Trend Alert: Lava Grills at Coco Asian Bistro
There are two main reasons to visit The Harbor Shops on 17th Street in Fort Lauderdale: A) to stock up at Total Wine and B) to dive headfirst into the red bean and coconut sticky rice dessert from Coco Asian Bistro, the shopping plaza's chic, pan-Asian restaurant. The extensive menu is anchored with classic Thai dishes like Panang Curry and Pad Thai as well as sushi and other Japanese dishes. Coco Asian Bistro opened just six years ago, yet according to owner, chef, and Thai native Mike Ponluang, the restaurant is due for a facelift -- or at least the restaurant equivalent of injectables.
Ponluang is no stranger to the restaurant industry. He first began cooking as a youngster back in Thailand where he and his father, a school teacher, would prepare simple dishes like noodles and papaya salad to sell at local festivals. During the Vietnam War, he worked in a hotel kitchen that catered to high-ranking American military officers who wanted a taste of home, often requesting traditional American dishes.

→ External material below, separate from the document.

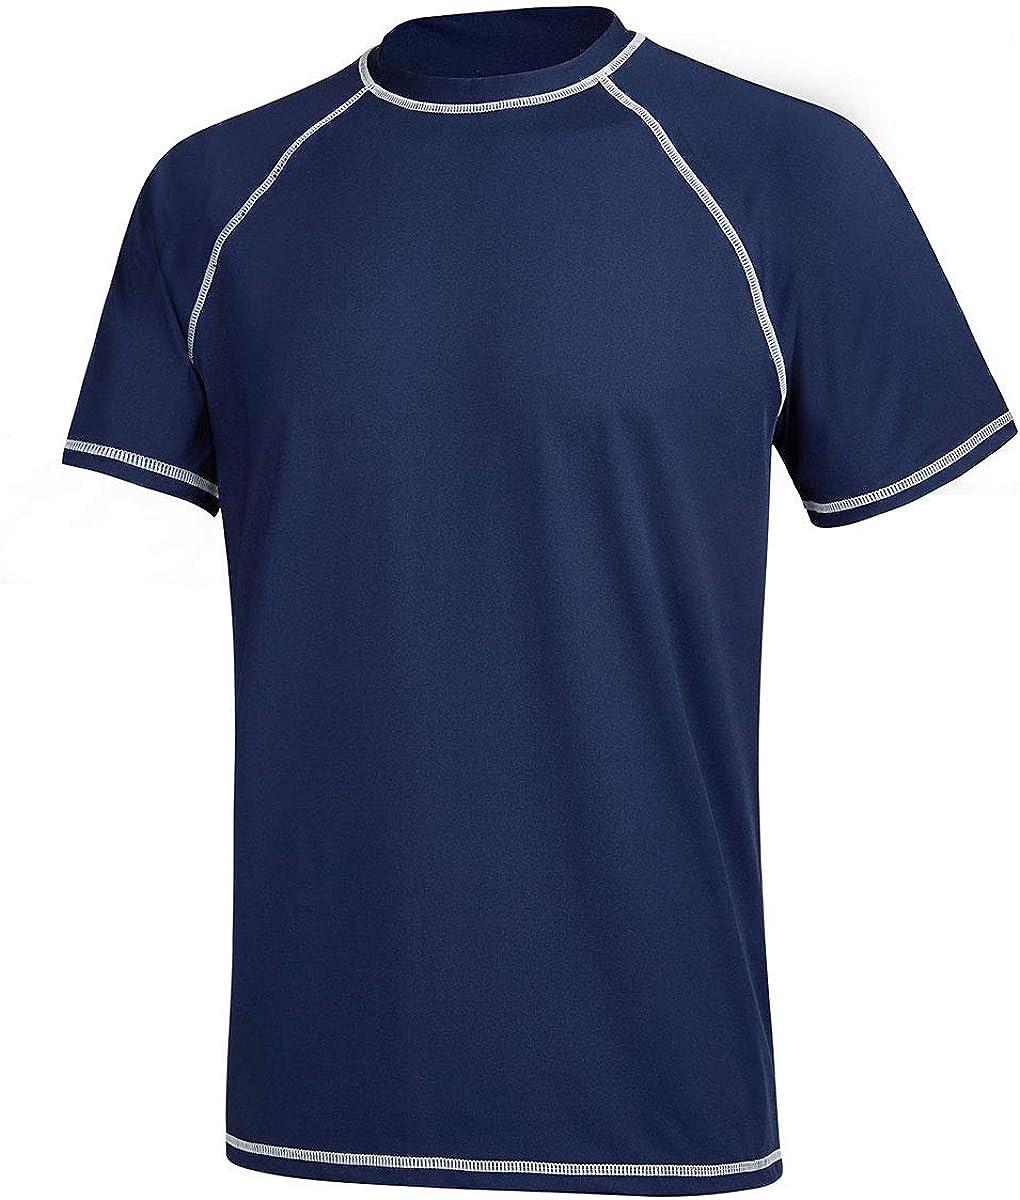 Satankud Men's UPF 50+ Rashguard Swim Tee Short Sleeve Running Shirt Swimwear Swim Hiking Workout Shirts: Clothing

Today, in addition to owning Coco Asian Bistro, Ponluang has another restaurant, Mama Asian Noodle, in the Coconut Creek Promenade. His first restaurant, Thai Pepper in Coral Springs,had a sixteen year run. He describes Coco Asian's menu as European-style cooking with Thai flavors.
|Photo: Misha Grosvenor|
|Thai Beef Roll|
Coco Asian Bistro's extensive menu will feature several new items including more seafood, fresh lobster, and tabletop lava stone grills. Lava stone grills, though not a new cooking concept, are growing in popularity at restaurants in the UK and Australia. Now they are starting to pick up steam here in the U.S., mainly on the west coast. Similar to the charcoal tabletop grills used for Korean barbecue, individual grills, either filled with small hot lava stones, or one stone slab, are placed on the table along with a plate of sliced meat which diners can cook to their liking. Benefits of lava stone cooking include using less oil and retaining the meat's natural juices.
When asked why he is making changes so soon, Ponluang chuckles and said that every five years or so he starts to get the itch and change things up a bit. We know what you're thinking, but don't worry -- the coconut sticky rice isn't going anywhere.